普及精确:巴黎天文台的精确文化，1667-1742。

本文描绘了从17世纪末到18世纪初精确的词汇景观，并调查了精确的各种含义，无论是作为一个词还是一个概念，在巴黎天文台内外。它认为，精确度首先是用来产生数值测量的仪器的一个属性，比如时钟和附在光学设备上的分圆或扇形。较少的情况下，精确应用于观测者、仪器处理和观测方法，包括应用于原始数据的数学修正。当这些方面综合起来时，最终的数值结果也被认为是精确的。接下来是18世纪30年代震动科学院的关于地球形状的辩论，它遵循了向更广泛的观众传达精确的各种含义的方式。在笛卡尔对精确的专业科学出现的抵制和牛顿学派(如Maupertuis)所遵循的教学方法之间，它认为卡西尼三世接受了现代科学的专业主义，但并不认为方法的精确超出了受过教育的公众的范围。Maupertuis似乎满足于关注仪器和结果的精确度的讨论，而Cassini III则给自己设定了一项艰巨的任务，即作为一种研究方法，对精确度进行通俗易懂的描述。

本文章由计算机程序翻译，如有差异，请以英文原文为准。

求助全文

约1分钟内获得全文求助全文

来源期刊

Annals of Science 综合性期刊-科学史与科学哲学

CiteScore

0.80

自引率

0.00%

发文量

审稿时长

1 months

期刊介绍： Annals of Science , launched in 1936, publishes work on the history of science, technology and medicine, covering developments from classical antiquity to the late 20th century. The Journal has a global reach, both in terms of the work that it publishes, and also in terms of its readership. The editors particularly welcome submissions from authors in Asia, Africa and South America.

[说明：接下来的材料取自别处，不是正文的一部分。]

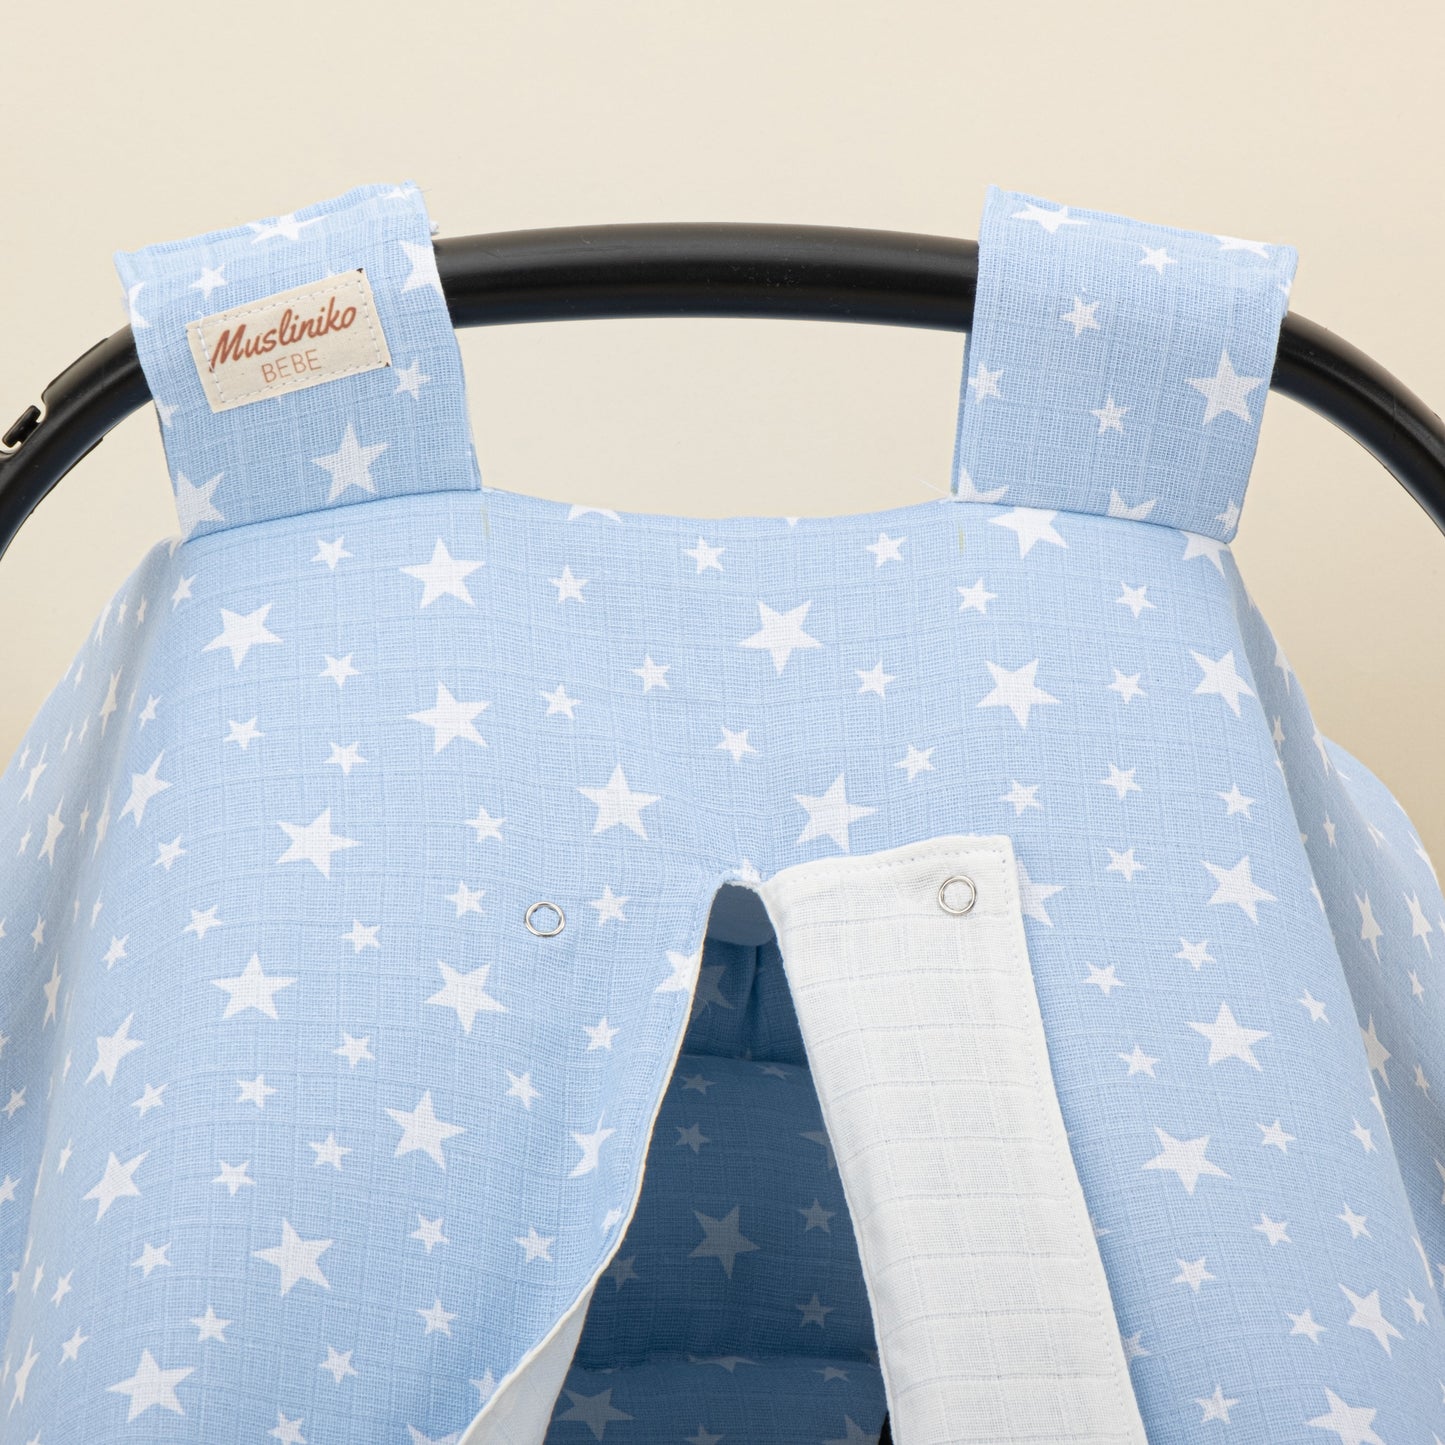 Stroller Cover Set - Double Side - White Muslin - Blue Little Stars

Each issue contains research articles, and a comprehensive book reviews section, including essay reviews on a group of books on a broader level. Articles are published in both English and French, and the Journal welcomes proposals for special issues on relevant topics. The Editors and Publisher are committed to supporting early career researchers, and award an annual prize to the best submission from current doctoral students, or those awarded a doctorate in the past four years.